Classify DVS Gesture
=======================================
Author: `fangwei123456 <https://github.com/fangwei123456>`_

中文版： :doc:`../cn/classify_dvsg`

Translator: `Qiu Haonan <https://github.com/Maybe2022>`_, `fangwei123456 <https://github.com/fangwei123456>`_

In :doc:`./neuromorphic_datasets`, we have learned how to use neuromorphic datasets. Let's build a SNN to classify them.

Network Structure
-------------------------------------------
We will use the network defined in [#PLIF]_, which has the following structure:

.. image:: ../../_static/tutorials/classify_dvsg/network.png
    :width: 100%

All networks in [#PLIF]_ are defined in :class:`spikingjelly.activation_based.model.parametric_lif_net`. The network structure for DVS Gesture is:

.. code-block:: python

    # spikingjelly.activation_based.model.parametric_lif_net

    import torch
    import torch.nn as nn
    from .. import layer

    class DVSGestureNet(nn.Module):
        def __init__(self, channels=128, spiking_neuron: callable = None, *args, **kwargs):
            super().__init__()

            conv = []
            for i in range(5):
                if conv.__len__() == 0:
                    in_channels = 2
                else:
                    in_channels = channels

                conv.append(layer.Conv2d(in_channels, channels, kernel_size=3, padding=1, bias=False))
                conv.append(layer.BatchNorm2d(channels))
                conv.append(spiking_neuron(*args, **kwargs))
                conv.append(layer.MaxPool2d(2, 2))


            self.conv_fc = nn.Sequential(
                *conv,

                layer.Flatten(),
                layer.Dropout(0.5),
                layer.Linear(channels * 4 * 4, 512),
                spiking_neuron(*args, **kwargs),

                layer.Dropout(0.5),
                layer.Linear(512, 110),
                spiking_neuron(*args, **kwargs),

                layer.VotingLayer(10)
            )

        def forward(self, x: torch.Tensor):
            return self.conv_fc(x)

Train
-------------------------------------------
How to define the training method, loss function, and classification result are identical to previous tutorials, and we will not introduce them in this tutorial. We will only introduce the difference.

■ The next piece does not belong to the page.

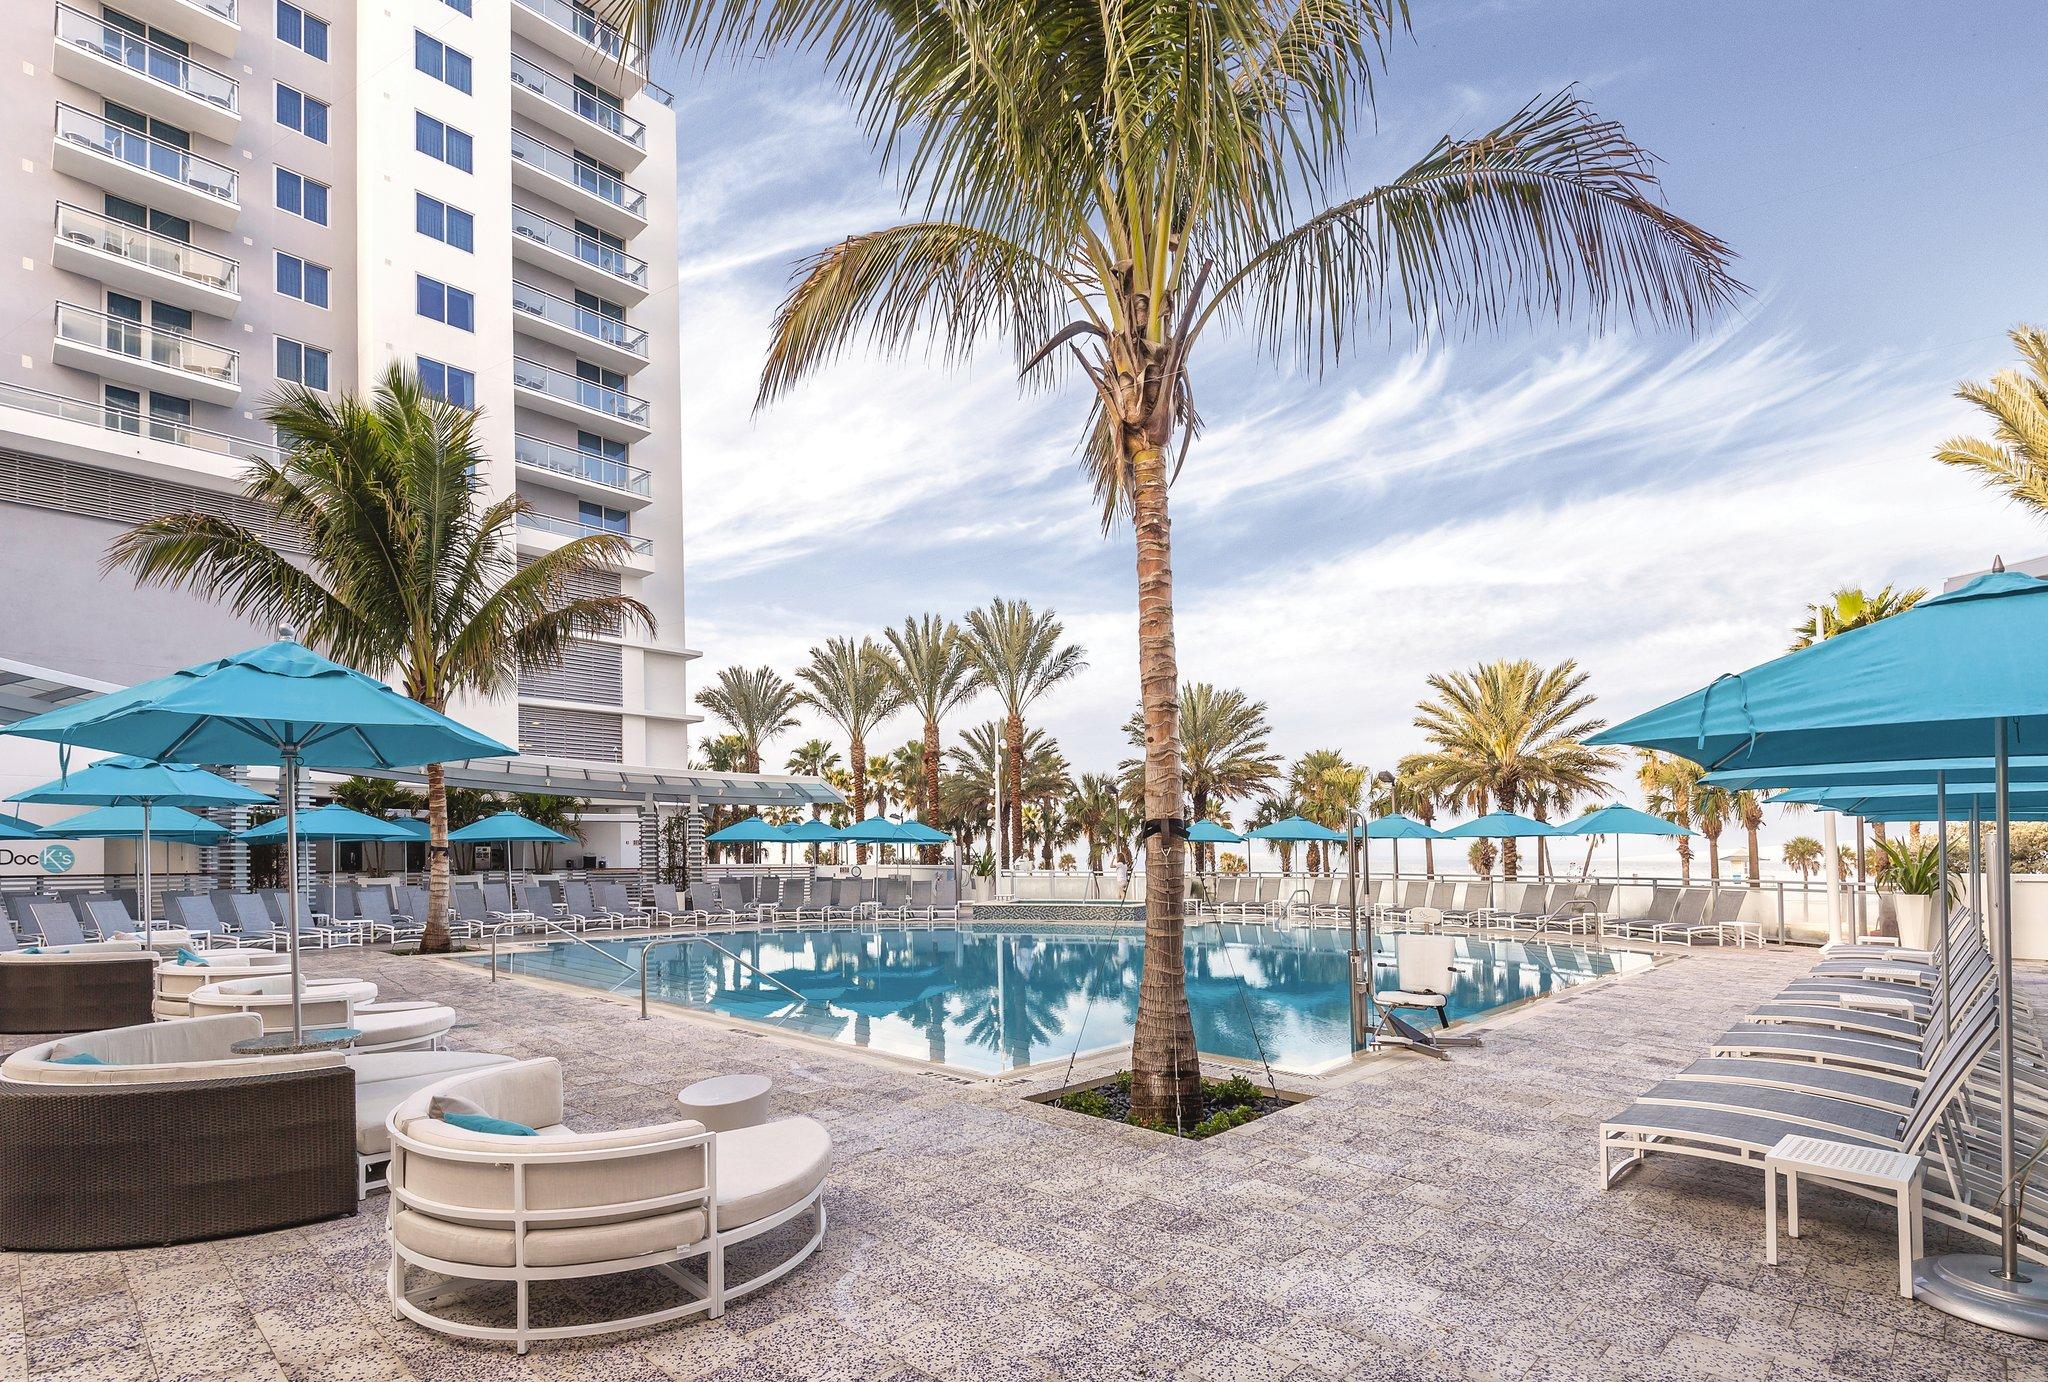 Wyndham Clearwater Beach Resort Pool View

We use multi-step mode for faster training speed, and use `cupy` backend if `args.cupy`:

.. code-block:: python

    # spikingjelly.activation_based.examples.classify_dvsg

    import torch
    import sys
    import torch.nn.functional as F
    from torch.cuda import amp
    from spikingjelly.activation_based import functional, surrogate, neuron
    from spikingjelly.activation_based.model import parametric_lif_net
    from spikingjelly.datasets.dvs128_gesture import DVS128Gesture
    from torch.utils.data import DataLoader
    from torch.utils.tensorboard import SummaryWriter
    import time
    import os
    import argparse
    import datetime

    def main():
        # ...
        net = parametric_lif_net.DVSGestureNet(channels=args.channels, spiking_neuron=neuron.LIFNode, surrogate_function=surrogate.ATan(), detach_reset=True)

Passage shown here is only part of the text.